Set Equation to Zero: First, we need to set the equation to zero by subtracting $6$ from both sides of the equation. $\newline$ $3z^2 - z + 5 = 6$ $\newline$ $3z^2 - z + 5 - 6 = 0$ $\newline$ $3z^2 - z - 1 = 0$
Use Quadratic Formula: Now, we attempt to factor the quadratic equation, but it does not factor nicely. Therefore, we will use the quadratic formula to find the solutions for $z$ . The quadratic formula is $z = \frac{-b \pm \sqrt{b^2 - 4ac}}{2a}$ , where $a = 3$ , $b = -1$ , and $c = -1$ .
Calculate Discriminant: We calculate the discriminant $b^2 - 4ac$ to determine the number of real solutions. $\newline$ Discriminant = $(-1)^2 - 4(3)(-1)$ $\newline$ Discriminant = $1 + 12$ $\newline$ Discriminant = $13$ $\newline$ Since the discriminant is positive, there are two real solutions.
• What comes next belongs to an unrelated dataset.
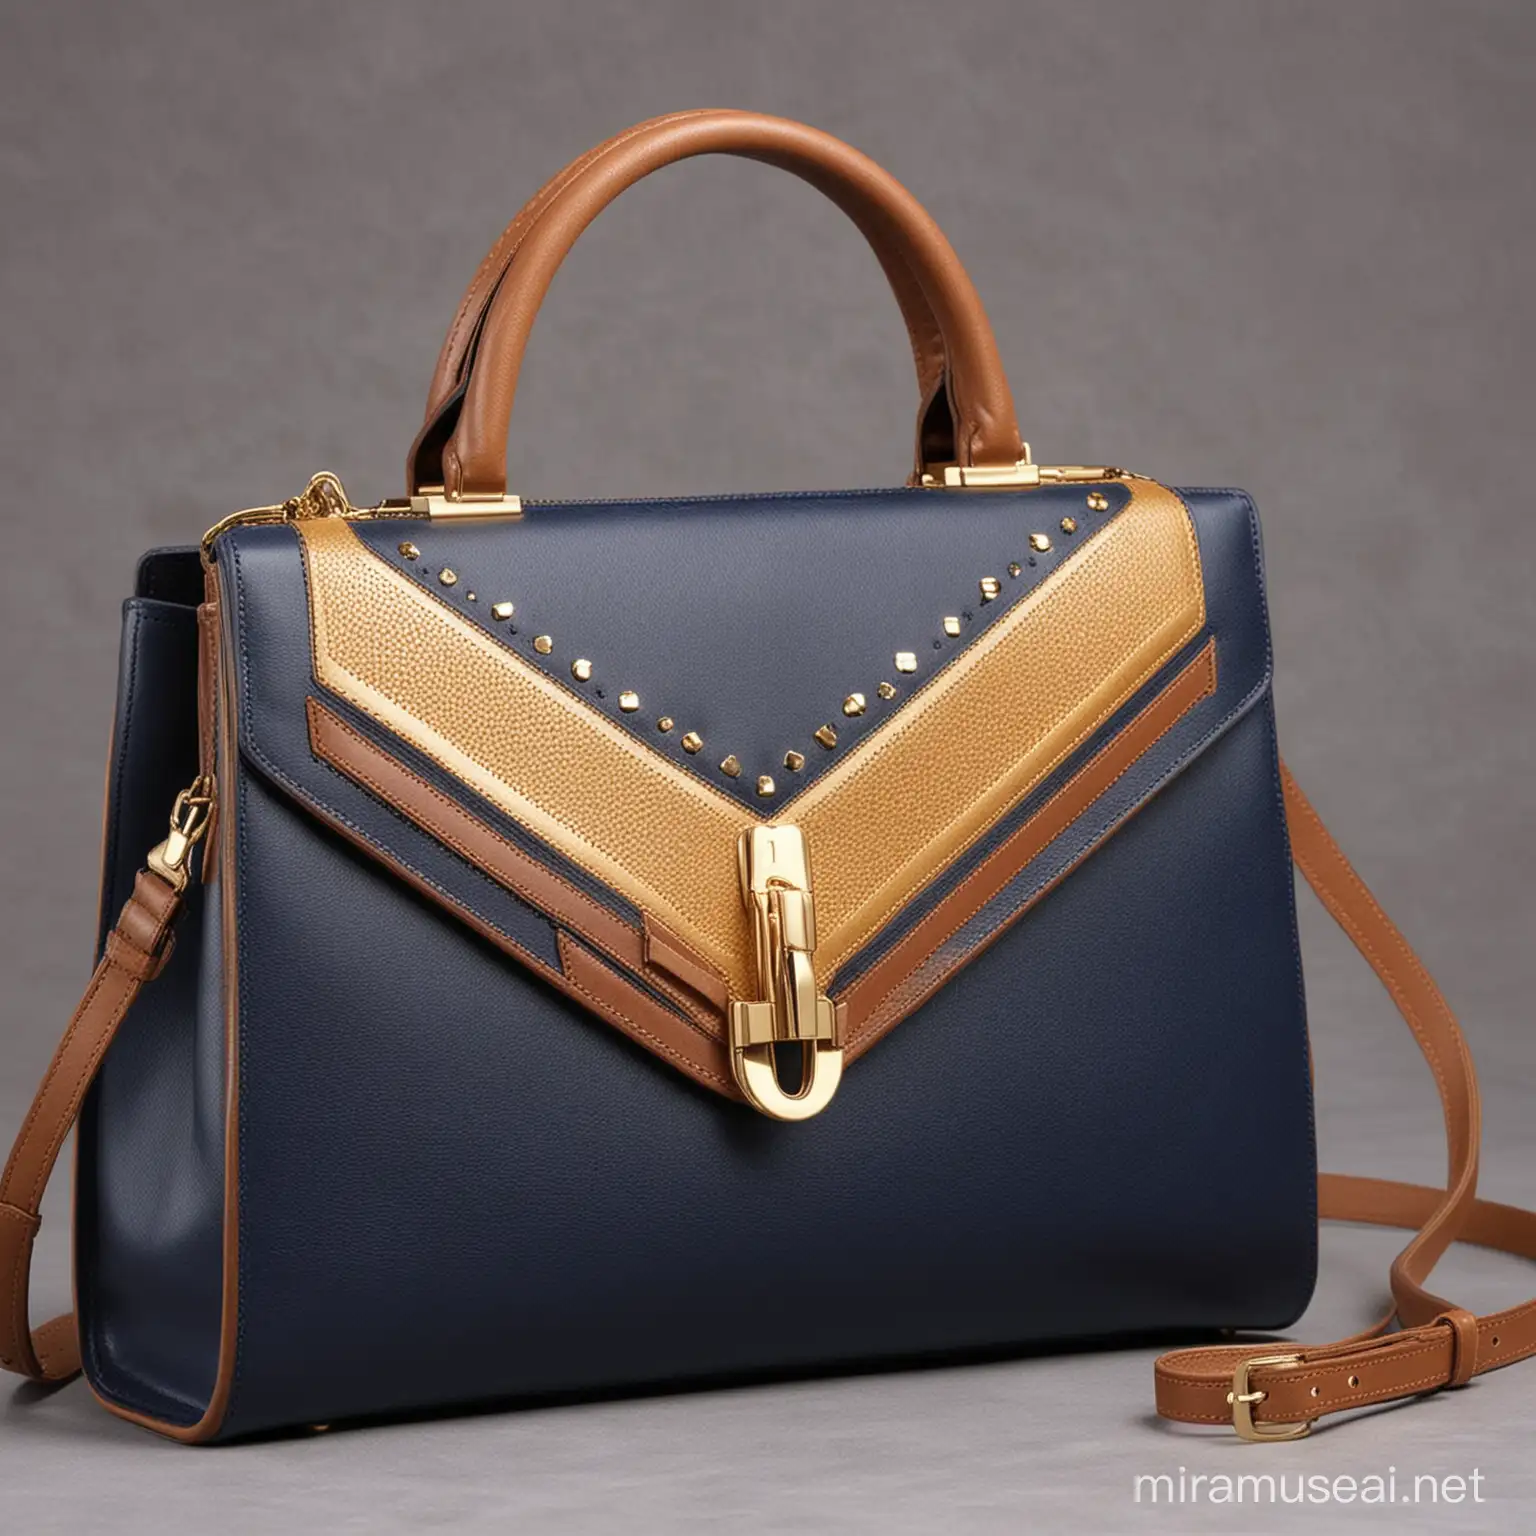  classy and elegant. Navy blue, Brown and Gold Leather Purse bag Design with design
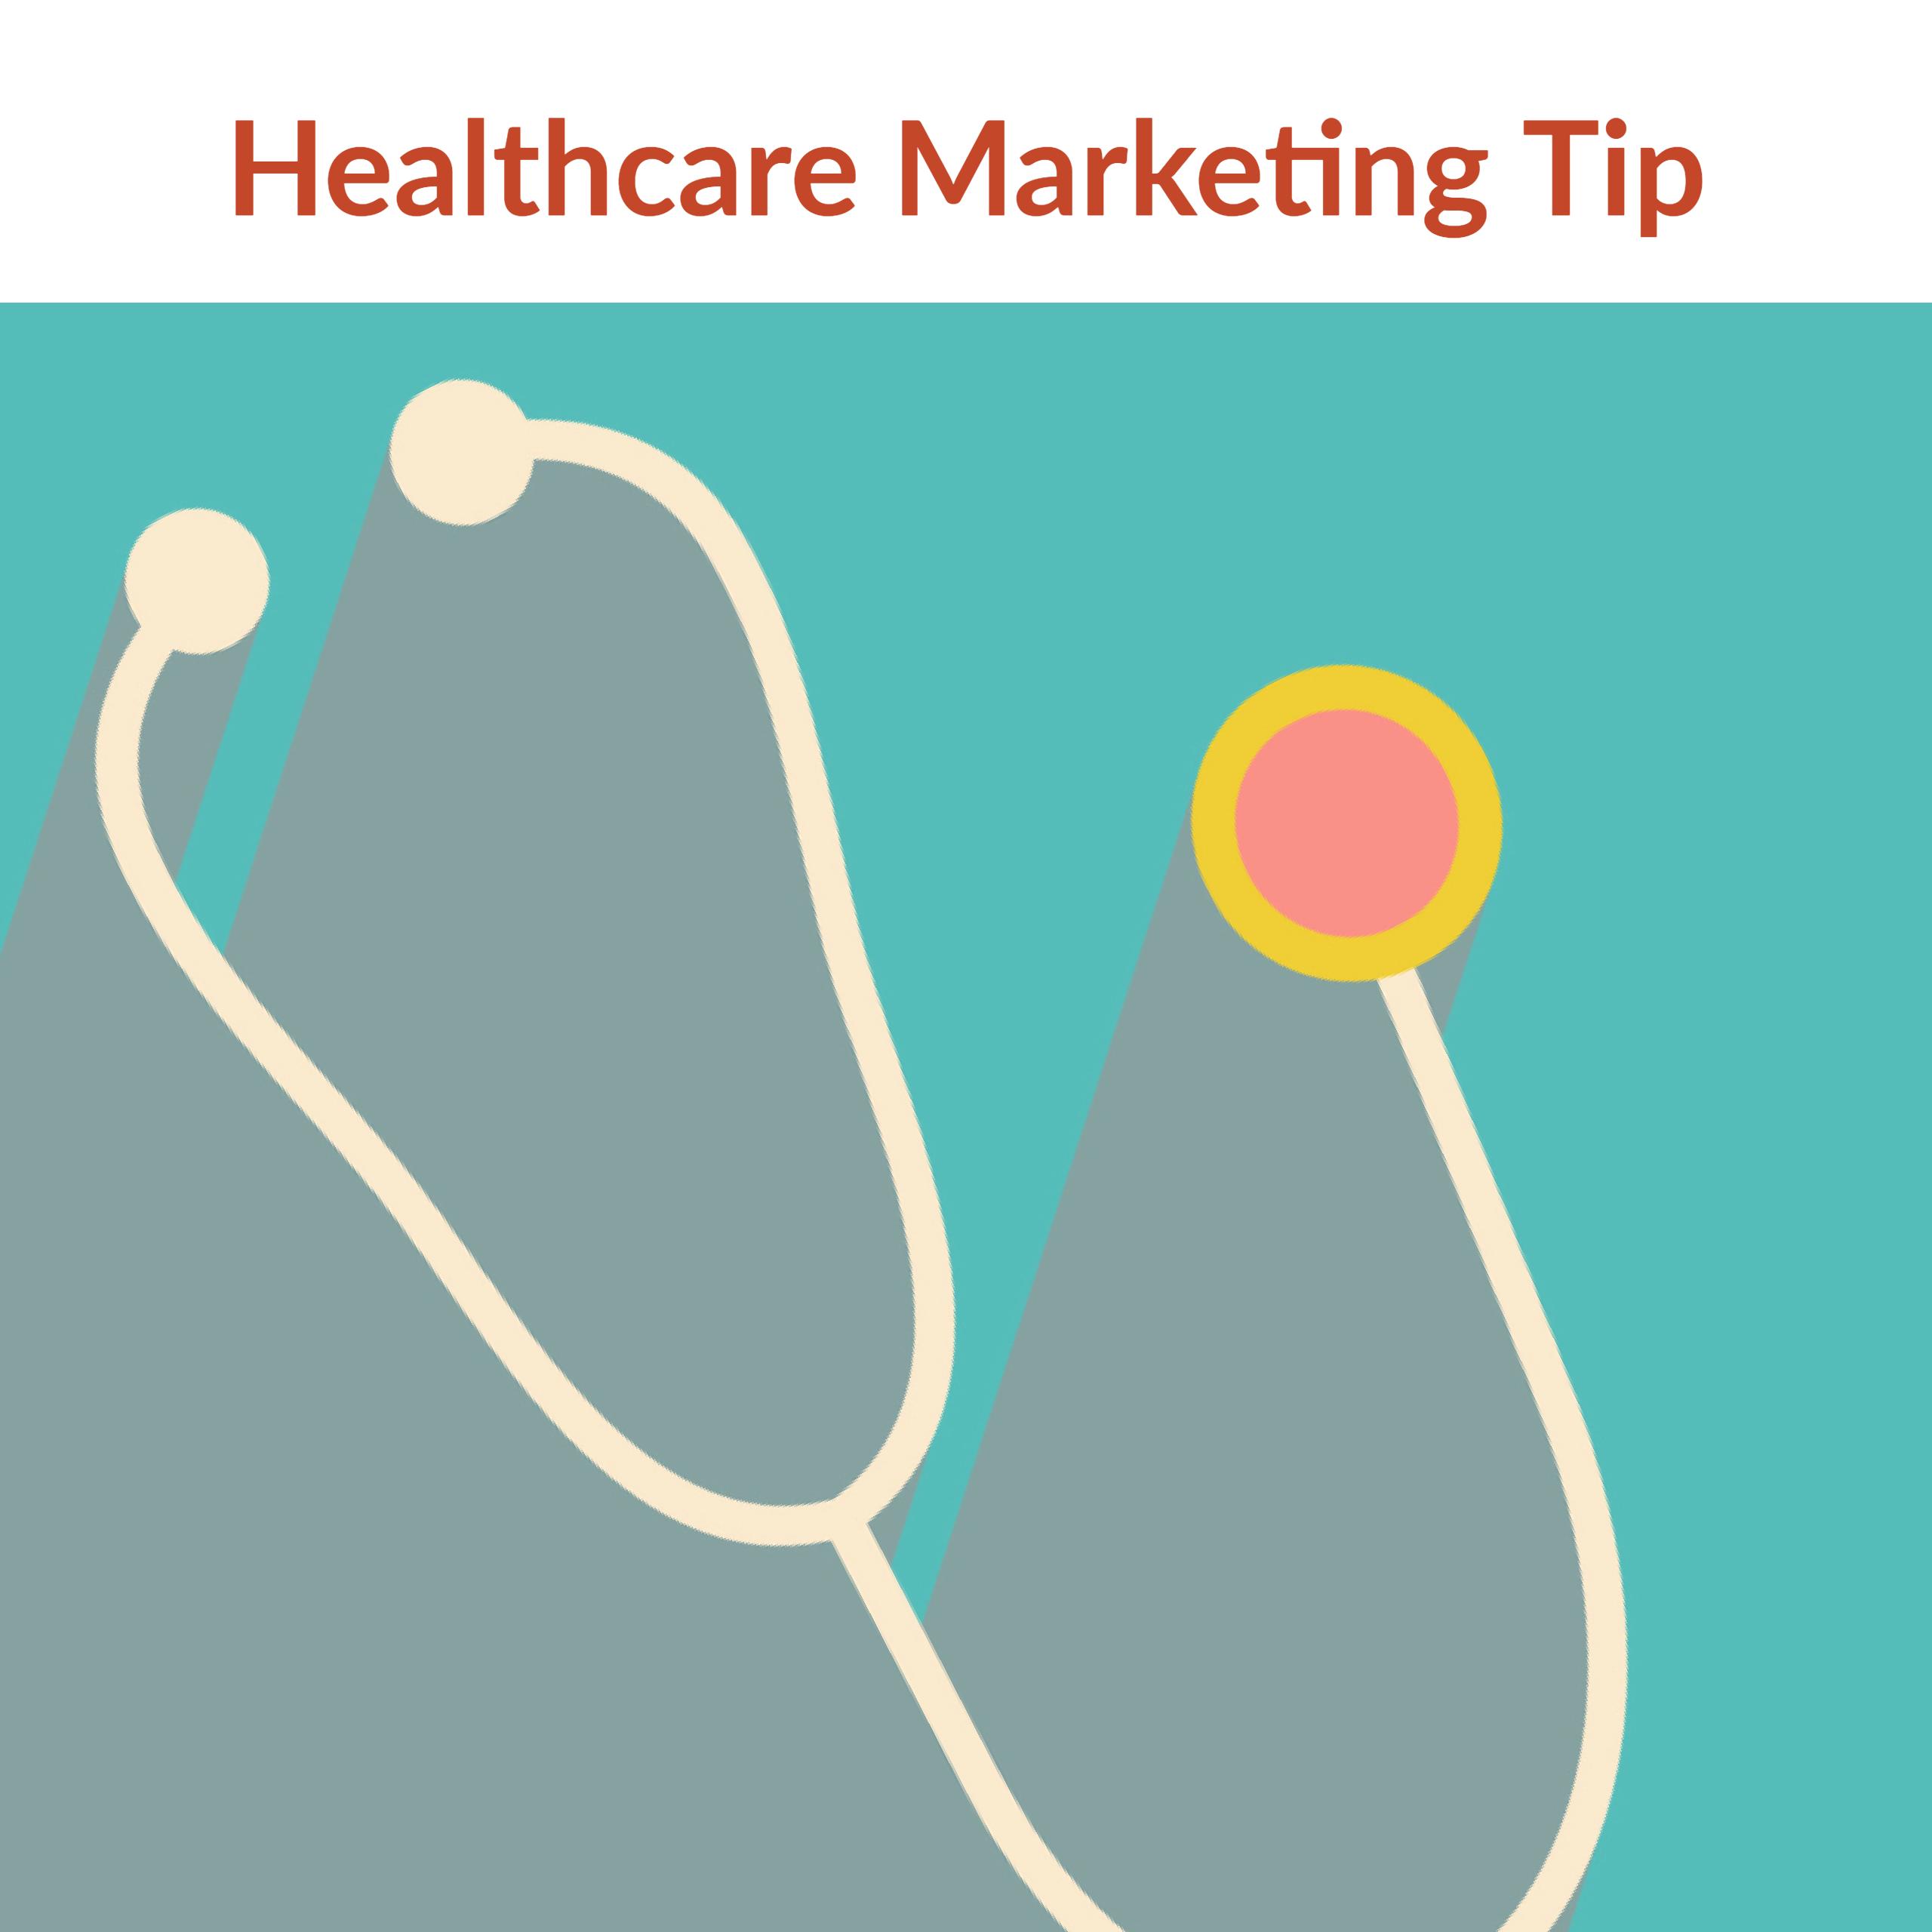 Specialty Healthcare Providers CAN Use Social Media Marketing

Substitute Values: We substitute the values of $a$ , $b$ , and $c$ into the quadratic formula to find the solutions for $z$ . $\newline$ $z = \frac{-(-1) \pm \sqrt{(13)}}{(2 \cdot 3)}$ $\newline$ $z = \frac{(1 \pm \sqrt{13})}{6}$
Find Solutions: We now have the two solutions for $z$ in simplest form: $z = \frac{1 + \sqrt{13}}{6}$ and $z = \frac{1 - \sqrt{13}}{6}$